In this case, the parties’ expired collective bargaining agreement (“CBA”) allowed Raytheon to change employee benefits as long as the changes it made for union employees were the same as those made for non-union employees. When the CBA expired, and negotiations were underway for a new CBA, Raytheon unilaterally altered employee healthcare benefits – a change that the parties agreed involved extensive employer discretion. The Board concluded that the change was lawful because it was consistent with the company’s practice of exercising discretion to make such changes.

This decision makes it easier for employers to pressure unions during collective bargaining by unilaterally changing terms and conditions of employment as long as the changes are similar to those made in the past. Under E.I. du Pont, the Board required employers to show that their unilateral changes were not based on “considerable discretion,” or that the unilateral change was consistent in terms of timing and content.

The dissent in Raytheon expressed concern that the majority misunderstood Supreme Court precedent on this issue. The Supreme Court has held that “an employer’s unilateral change violates the duty to bargain under the National Labor Relations Act, even where the change is consistent with a past practice of changes made, if the changes involve significant employer discretion.”

The Boeing Company (overturning Lutheran Heritage Village-Livonia)

In Boeing, the Board overruled a 13-year old case called Lutheran Heritage, announcing a new test for the validity of seemingly impartial workplace rules.” Under Lutheran Heritage, the Board applied a three-prong test to assess the validity of workplace rules. In applying this test, the Board considered whether employees could “reasonably construe” the rule in question to prohibit concerted activity.

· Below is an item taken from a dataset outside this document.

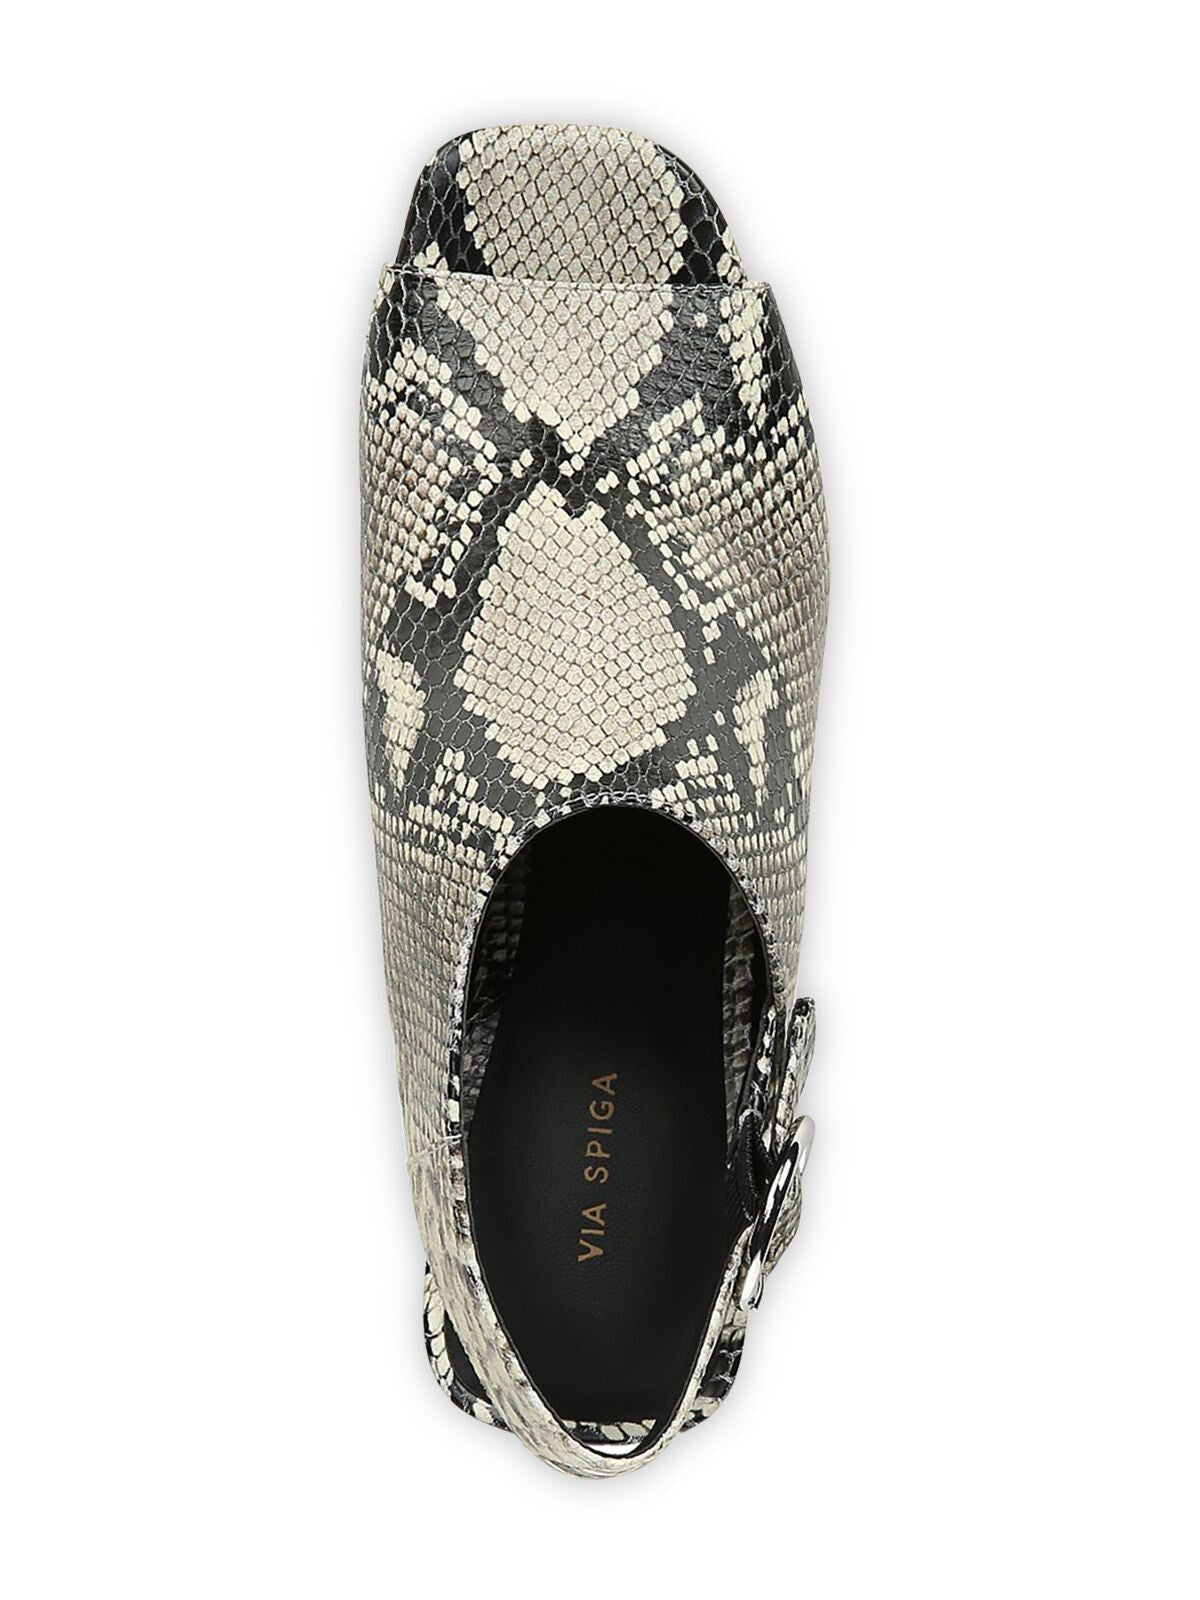 VIA SPIGA Womens Beige Snake Print Asymmetrical Padded Adjustable Elma Square Toe Block Heel Buckle Leather Slingback Sandal 7.5 M

The Republican majority in Boeing held that it will balance the “the nature and extent of [a rule’s] potential impact on NLRA rights” against the “legitimate justifications associated with [a] rule.” The decision created a multi-factor test to determine whether business concerns outweigh the chilling effect a rule has on employee rights.  The majority also pronounced that the Board will always deem civility rules, which require employees to foster “harmonious interactions and relationships” or to maintain basic standards of civility in the workplace, lawful. In his dissent, Member Pearce stated that the majority opinion amounts to a “how-to manual for employers intent on stifling protected concerted activity before it begins.  This decision will make it easier for employers to maintain strict workplace rules that deter employees from coordinating to improve their working conditions.

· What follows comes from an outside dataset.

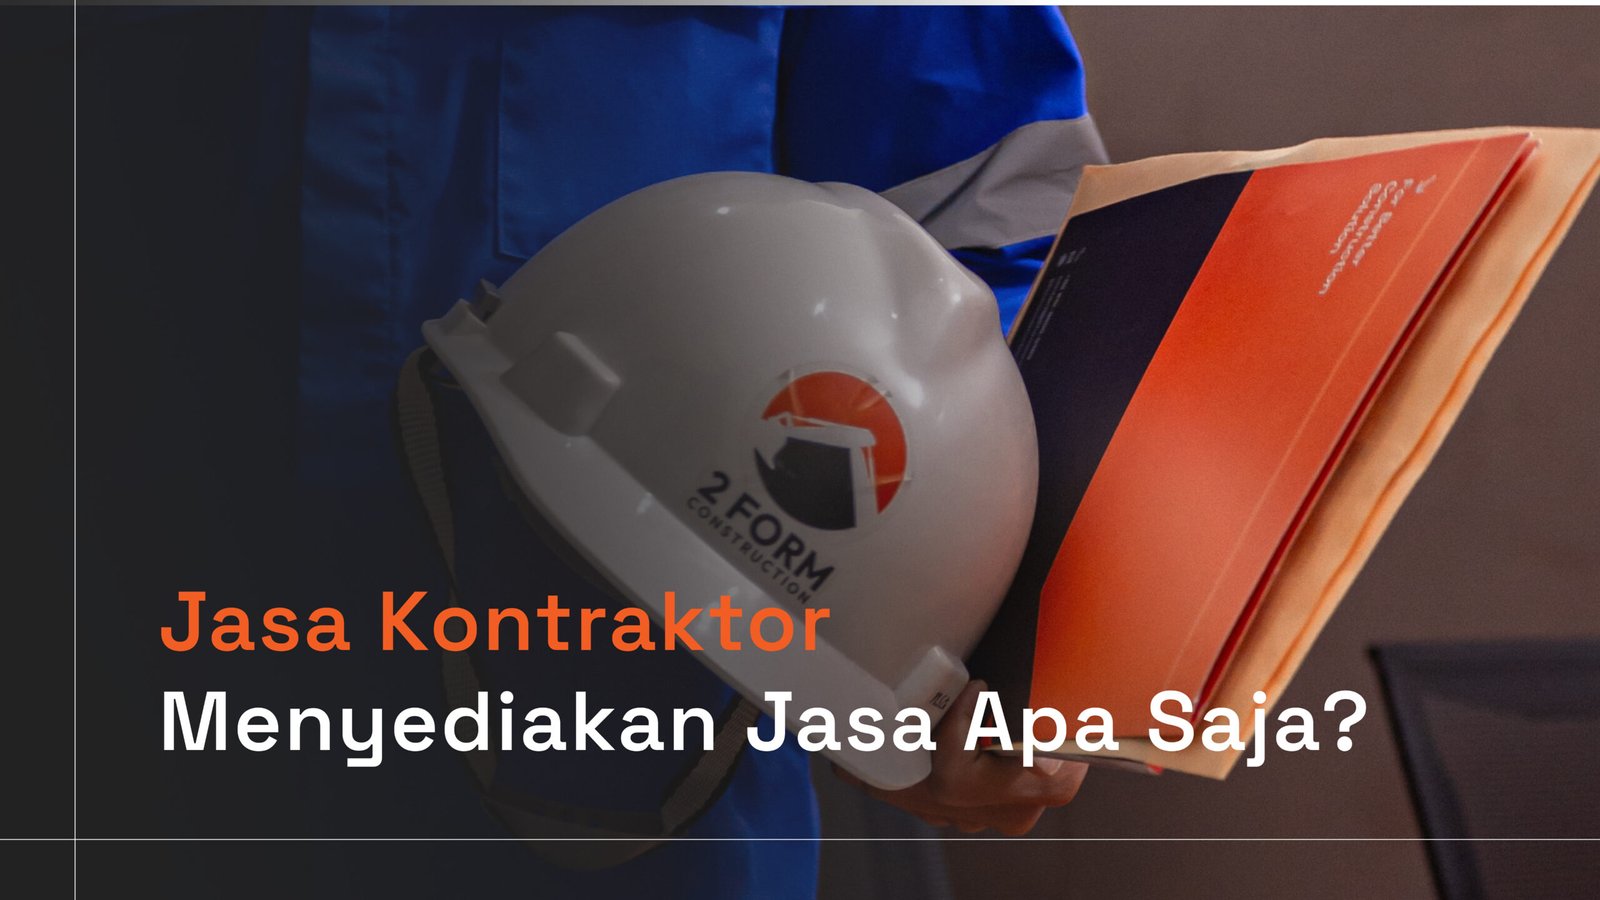 You are currently viewing Jasa Kontraktor Menyediakan Jasa Apa Saja?

UPMC (overruling United States Postal Service)

In UPMC, the Board overruled a 2016 case called United States Postal Service regarding when an administrative law judge (“ALJ”) may accept a proposed settlement even though the Board’s General Counsel and the charging party object to the terms. In Postal Service, the Board held that an ALJ could only accept a settlement over the objections of the charging party and the General Counsel where the respondent’s offer included a full remedy for the alleged violations.

Here, the Board expanded ALJs’ ability to settle cases even where the General Counsel and the charging party have determined that their best interests are served by other means. This decision allows ALJs to accept settlements over the objection of the General Counsel and charging parties as long are the settlements are “reasonable” under Independent Stave (which sets forth a multi-factor test to determine reasonableness). This decision expands the possibility of cases settling against the wishes of the workers alleging unfair labor practices. Such settlements may also greatly diminish workers’ ability to enforce their rights, as employers can simply negotiate with the ALJ, ignoring the General Counsel’s position, to find an alternative resolution.